I was thinking that if vapor pressure was greater, then the liquid would be pushed down and would also have greater pressure, but why is that wrong?

512

@taw1020 How does 0.1mol of Zn=6.54g?

513

So how many total points are on this test if we need 72 points for a 5?

514

There are 100 total points @alldaboston

515

A solution containing HCl and the weak acid HClO2 has a pH of 2.4. Enough KOH is added to the solution to increase the pH to 10.5. The amount of which of the following species increases as the KOH is added?
(A) Cl-(aq)
(B) H+(aq)
© ClO2-(aq)
(D) HClO2 (aq)

Can anyone help me with this problem? I suck at these kinds of questions. :confused:

516

thanks taw… i guess we know who’s get a definite 5 :stuck_out_tongue:

could i get help with 23 on 2014, why is it not 2.4

517

@stemscholar
Vapor pressure involves two functions that are in dynamic equilibrium (it even says equilbirium in the problem):
(1) Escape of molecules from liquid phase to gas phase
(2) Re-entry of gas molecules to the liquid phase.

Like with reactions, changing the volume just causes the system to restore equilibrium.
Decreasing volume would increase the pressure of the vapor initially, but the system will restore equilibrium by the re-entry of gas molecules into the liquid phase.
Increasing volume would decrease the pressure of the vapor initially, but the system will restore equilbirium by the escape of molecules from the liquid phase to the gas phase.

518

Thanks @APScholar18

519

@bm1999 both calculations are done with an ICE (or RICE) chart. weak base with strong acid, most likely you will have to find the Kb and weak acid with strong base, probably Ka.
However, the CURVES are different, in that for weak-base and strong acid, you start off at a pH above 7, not all the way at 14, and then end at somewhere below 3 or 4 pH. you will have to see the halfway EQUIVALENCE point, to find out the pKa (pKa=pH at this point remember) and you might be asked to find Ka. for weak acid, strong base, it is the same thing, except you start somewhere above 2 for the pH and go all the way up to a 12-14 pH (indicating a very strong base). here you also find the halfway equivalence point to find the pKa, and then go to Ka.

520

22:

H2 is consumed with a ratio of 2:1 compared to CO2. For any reduction in CO, the reduction is twice for H2.

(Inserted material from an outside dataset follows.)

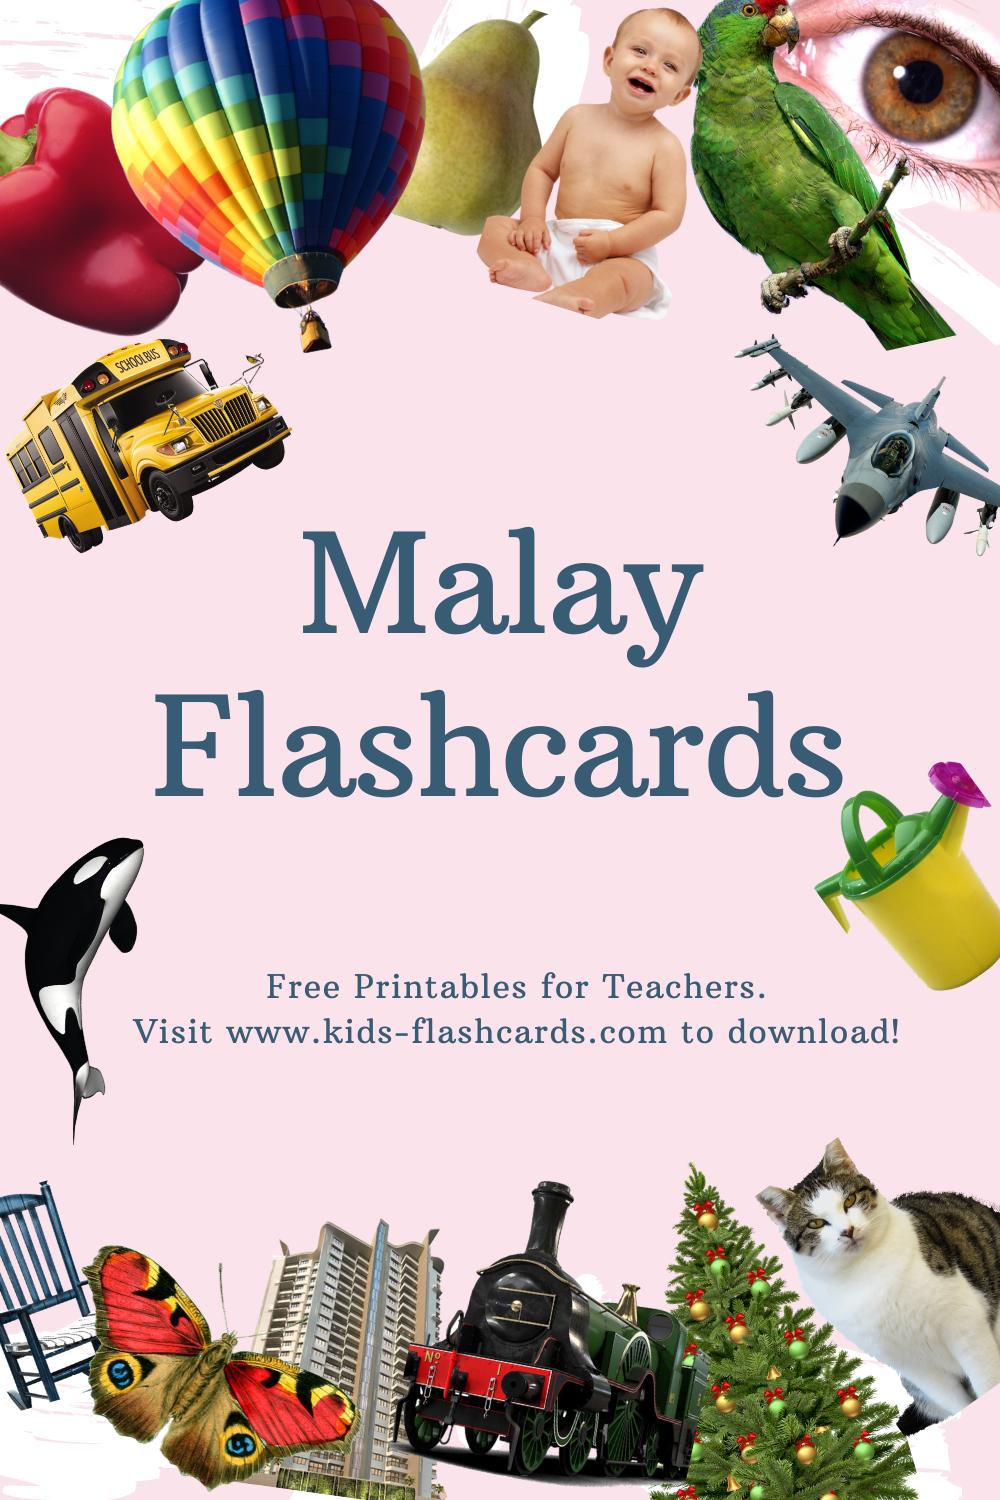 Worksheets to learn Malay language

It was easier for me to do this problem if I used dummy values (based on the Kc value, they are way off, but it demonstrates the concentrations relative to each other while the system establishes equilibrium).
If .2 mol H2 were used, [H2] would be .8, [CO] would be .9, and [CH3OH] would be .1
checking this with the choices, the only one that aligns with this is B.

23: (not sure about this explanation)

What I think is that you use P1V1 = P2V2 to find the INITIAL total pressure. The system is now at that new pressure without having established equilibrium yet.
Since pressure increases, equilibrium shifts to the right (least number of moles)
When the system moves towards equilibrium, 1 mol of CO and 2 mol of H2 are consumed for 1 mol of CH3OH, reducing the total number of moles (change in moles is -2). Based on this, it can not be C or D.
But, since the K value of the reaction was so high, the change that results from decreasing the partial pressures of reactants is so minimal that it does not bring it below 1.2 atm again. So, the answer is B.